I am not a Hamptonite, or a potential Hamptonite, or even a wannabe Hamptonite, I still confess to having the same infatuation with the rich and famous that most of the country is mesmerized by - the Cult of Celebrity. Be that as it may, I am now suspending this obsession and appealing to your paper to devote one upcoming issue entirely to non-celebrities, non-national politicians - who are not members of the Intelligentsia, who are not rich, nor famous, essentially - ordinary working class members of the East End community. I guess this is sort of a challenge to you.
Are you brave enough to produce one edition of the Independent - off season, or shoulder season is OK - that does not include a single reference to Christie Brinkley, Alec Baldwin, Paul McCartney, Billy Joel, Howard Stern (or his wife - who I really like!) Richard Gere, former President Clinton (or Hillary - who I also really like!) current President Obama (I am a supporter), Mayor Bloomberg, (or any other non-local elected official or politician - in office or out of office), Nile Rodgers, Gwyneth Paltrow, Tom Collicchio, Bobby Flay (or any celebrity chefs) Ron Perelman, any hedge fund owner, any big time banker, any CEO, any well known artist, any famous sport star, any well known restaurant proprietor, any TV or movie stars, Nathan Lane (or any Broadway personalities), Chuck Scarborough, Matt Lauer, any other well known TV newscasters or reporters, any published or famous writers, Bay Street Theatre, the Parrish Art Museum, Guild Hall, any famous models, any gallery openings, and any mention of a fundraiser associated with a celebrity?
If you choose to not take up the challenge then my only other option would be to pray to God, which is a long shot since I am an atheist, that an earthquake occurs that breaks off the South Fork of the East End of Long Island right at the border of Hampton Bays (Hampton Bays has never been part of the Hamptons anyway) and floats it to either the Upper East Side of Manhattan, where it truly belongs, or has it run ashore off Smith Point, thus becoming an extension of the Mastics and Shirley.
This geological event would allow the former residents of the Hamptons to see what much of America is like. Hamptonites would now have to live out of the bubble they currently reside in. It would be a true eye opener for these folks. I would pay to see them shopping at Pathmark in Shirley with the great unwashed masses that live in the real world!
On a positive note, Riverhead, where I live, could be the new "Hamptons" and the place to be on the new East End! I can't wait.
All The Ranting
It was disgusting to see the full-page ad signed by Jerry Della Femina on page seven of last week's edition. What a cheap shot at Eliot Spitzer! As the bible says "Let he without sin cast the first stone." After all the ranting by Wall Street types and other tycoons, I believe they are afraid he would go after their misdeeds again like he did when he was New York Attorney General.
We Can Help
Kudos to East Hampton and Southampton for taking the initiative on the plastic bag problem. Yes, they stay in the environment forever. This is not a good thing!

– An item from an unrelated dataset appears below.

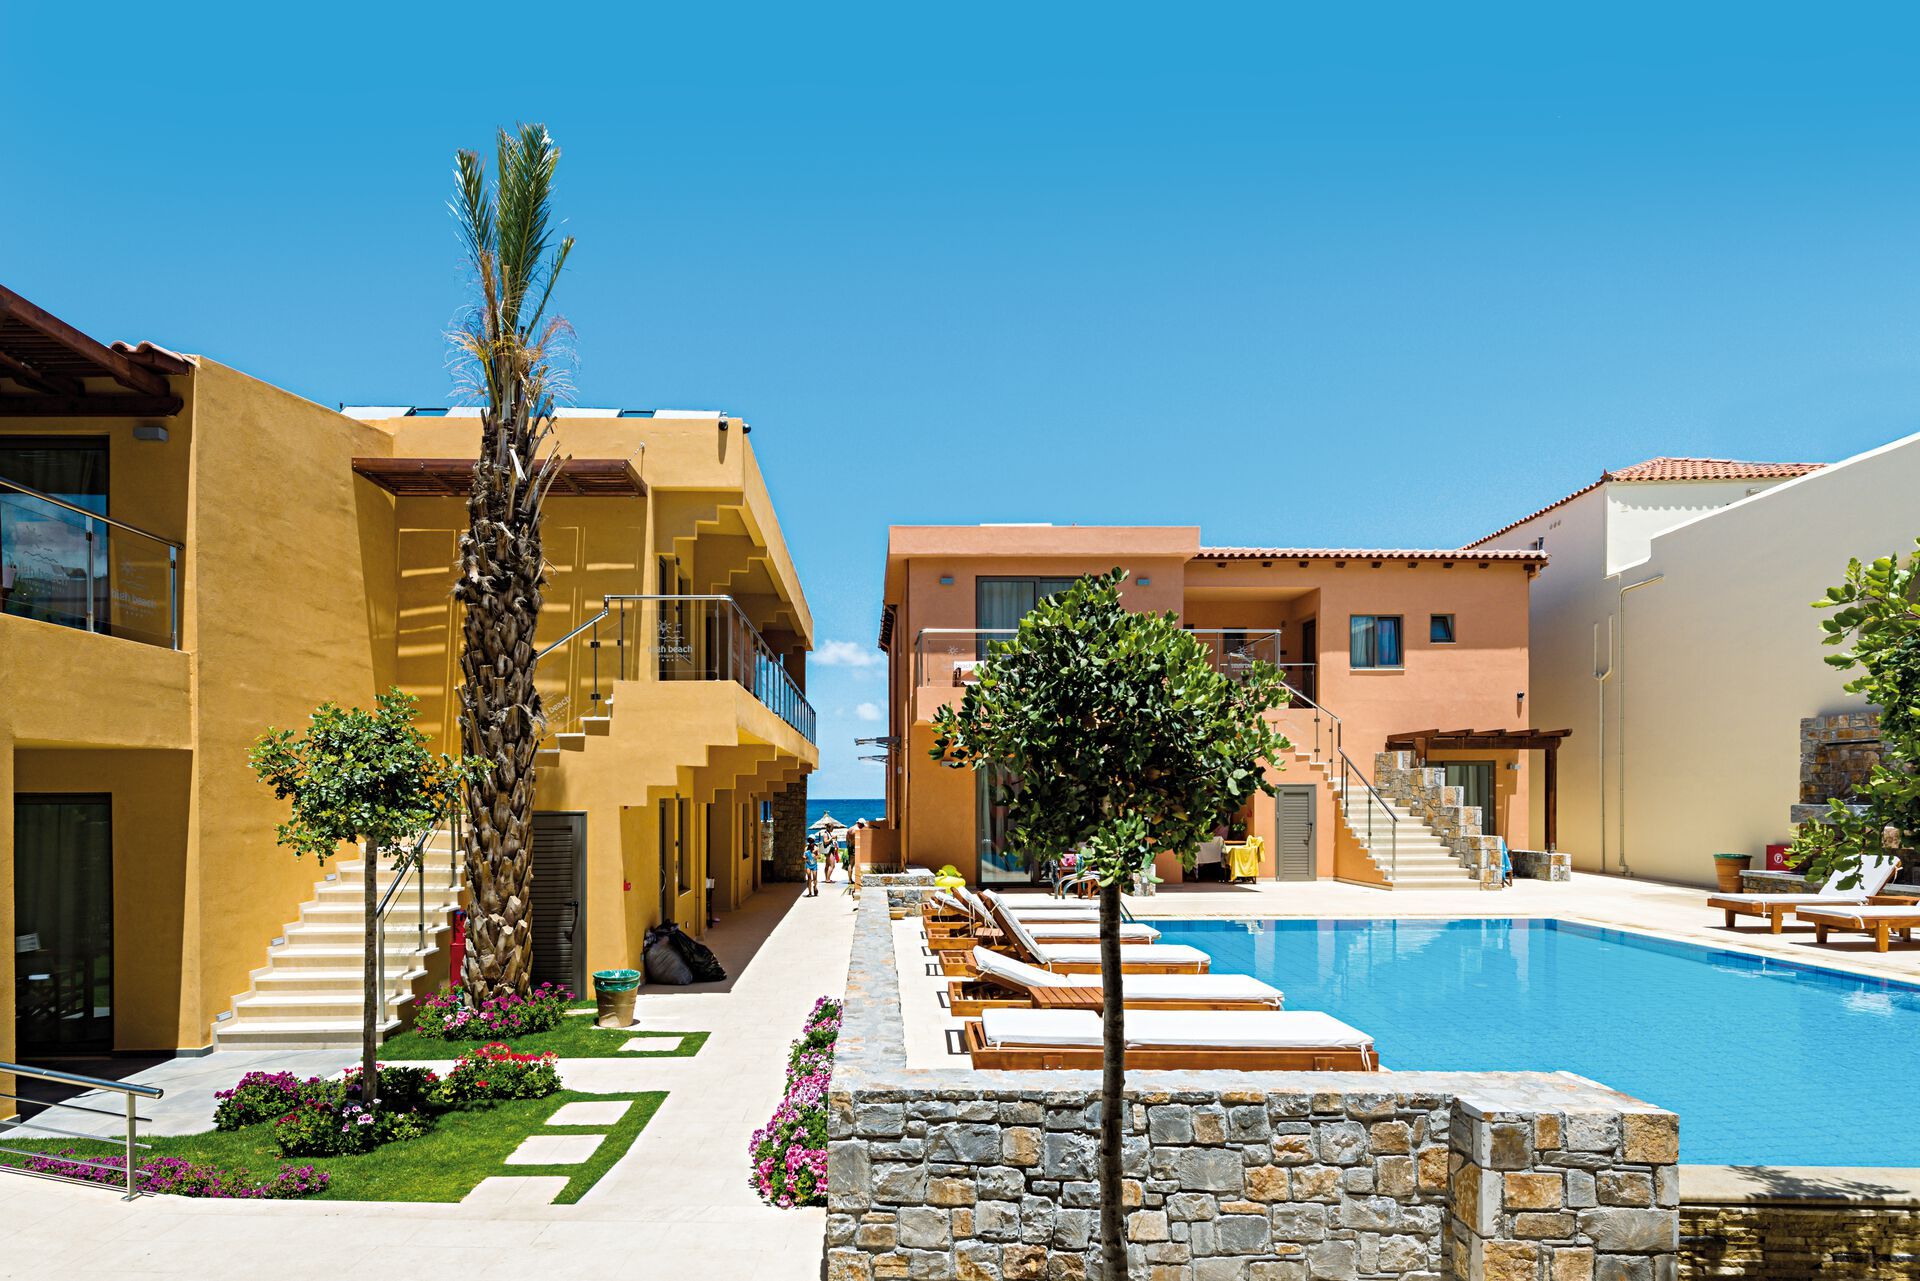 Crète - Malia - Grèce - Iles grecques - Hôtel High Beach 5*

We can do this, folks. We can help. We must take the responsibility to help Mother Earth. Remember -- her love is unconditional.

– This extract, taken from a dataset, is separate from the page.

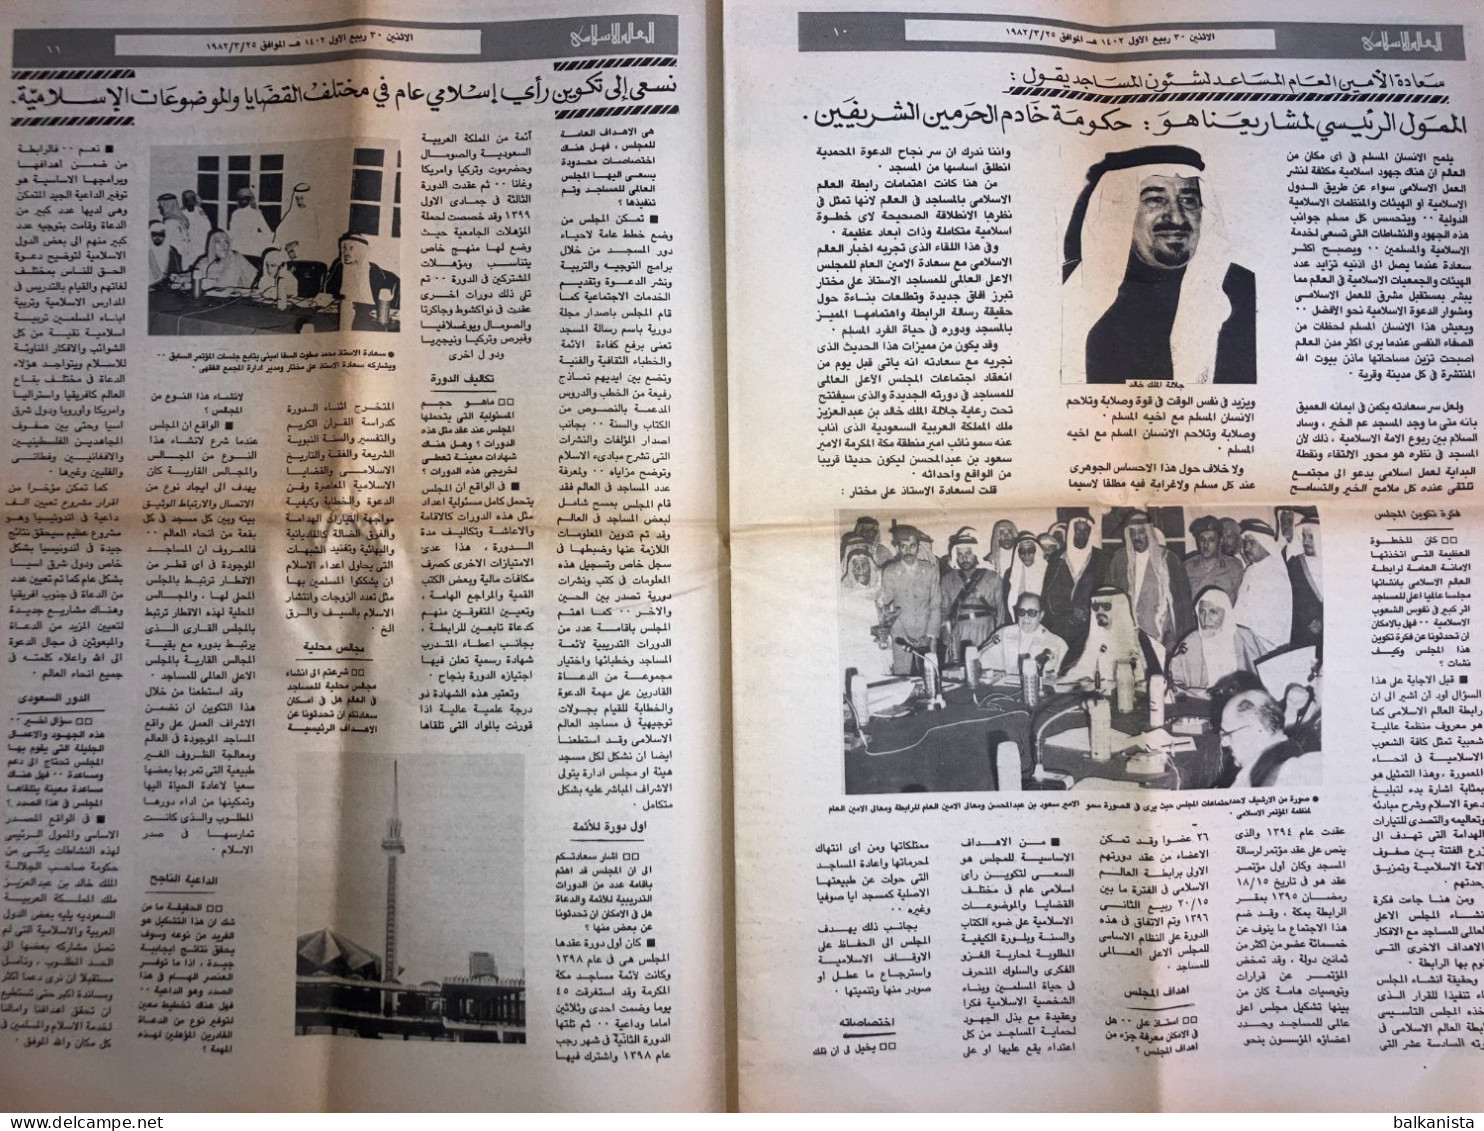 Saudi Arabia Akhbar al-Alam al-Islami Newspaper 25 March 1982

An Open Letter To Independent Readers,
Suffolk County is home to more mobile home parks that any other county in the state.
Let me tell you about the one I live in: the state holds the mortgage. Even though the payments are being made, our park administrators have ignored the mortgage retirements for over two years.

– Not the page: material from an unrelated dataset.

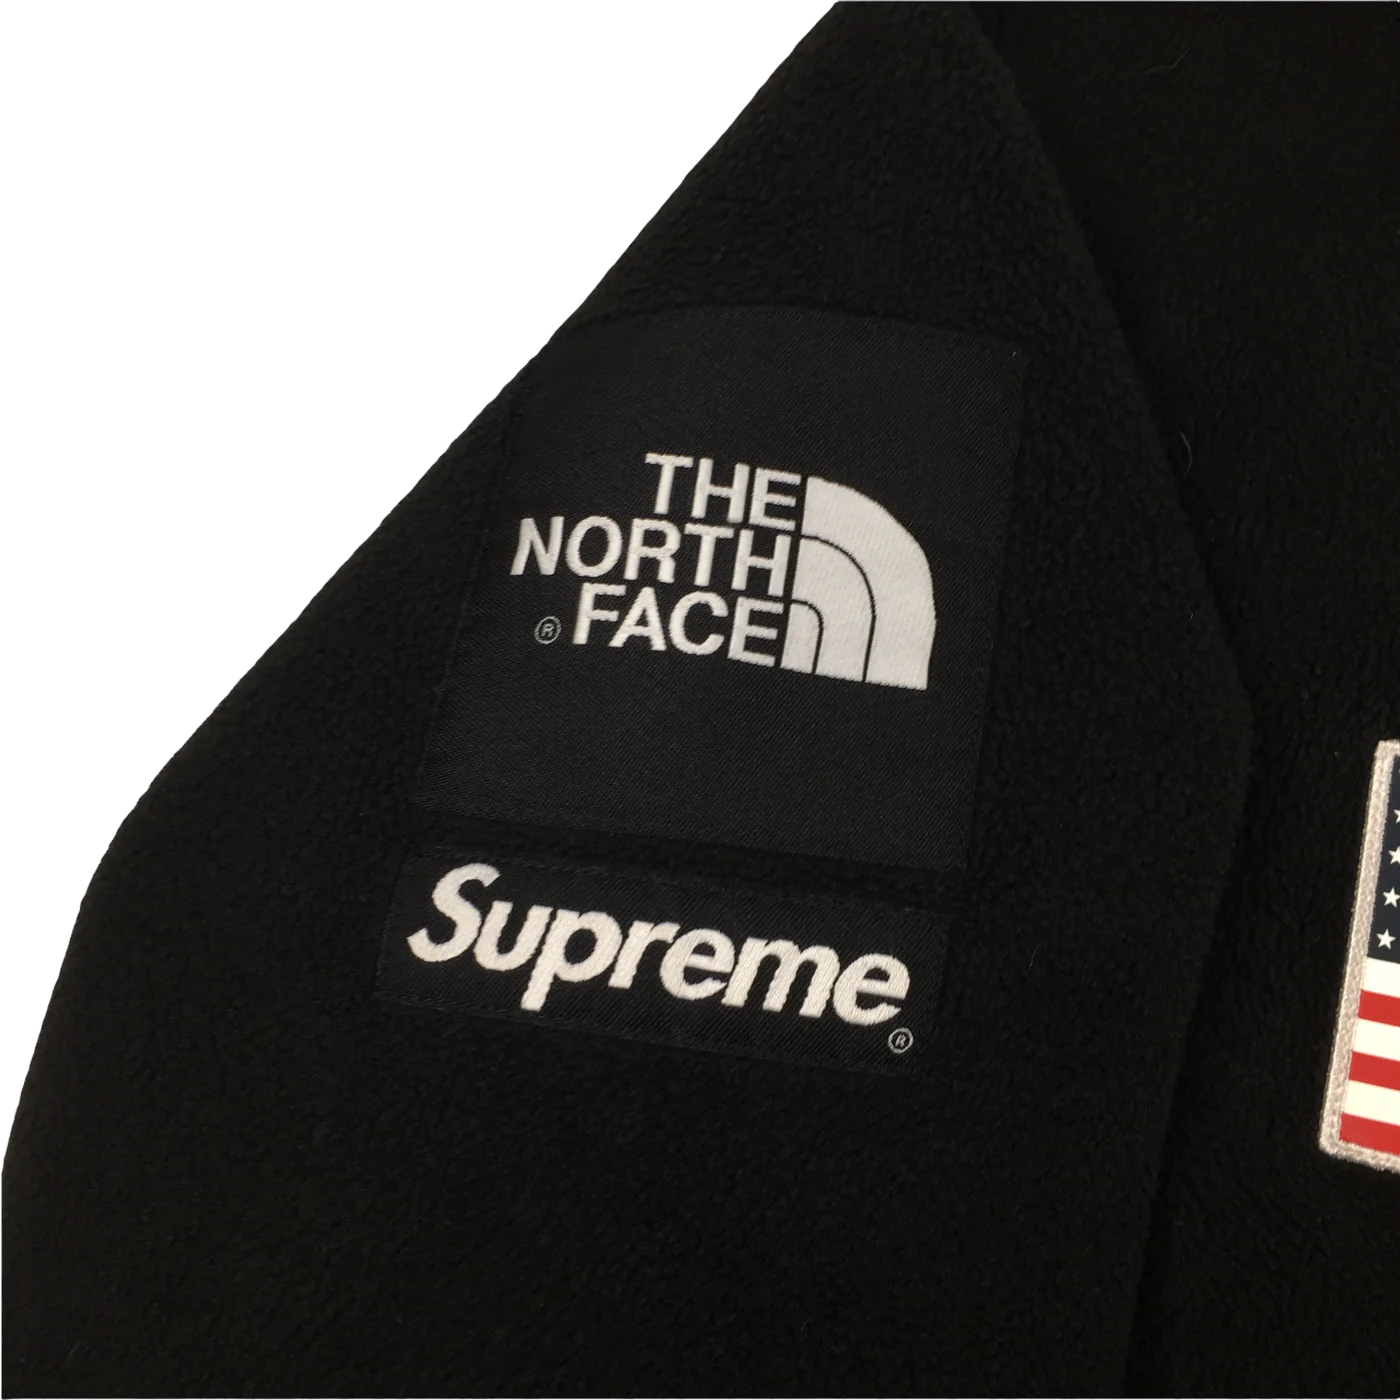 2017 Supreme x The North Face Black Antarctica Fleece

The STAR program has also been mishandled for two-plus years. This in turn causes residents to pay higher lot fees than they should be paying.
Some residents have had to go to Southampton Court to fight evictions. Fortunately no one has been evicted yet. Some of the cases were dismissed: the resident showed proof that payments had been made, or they produced documentation that the administrators had refused the payments – this is proof of their mismanagement.
Local officials should look into this matter.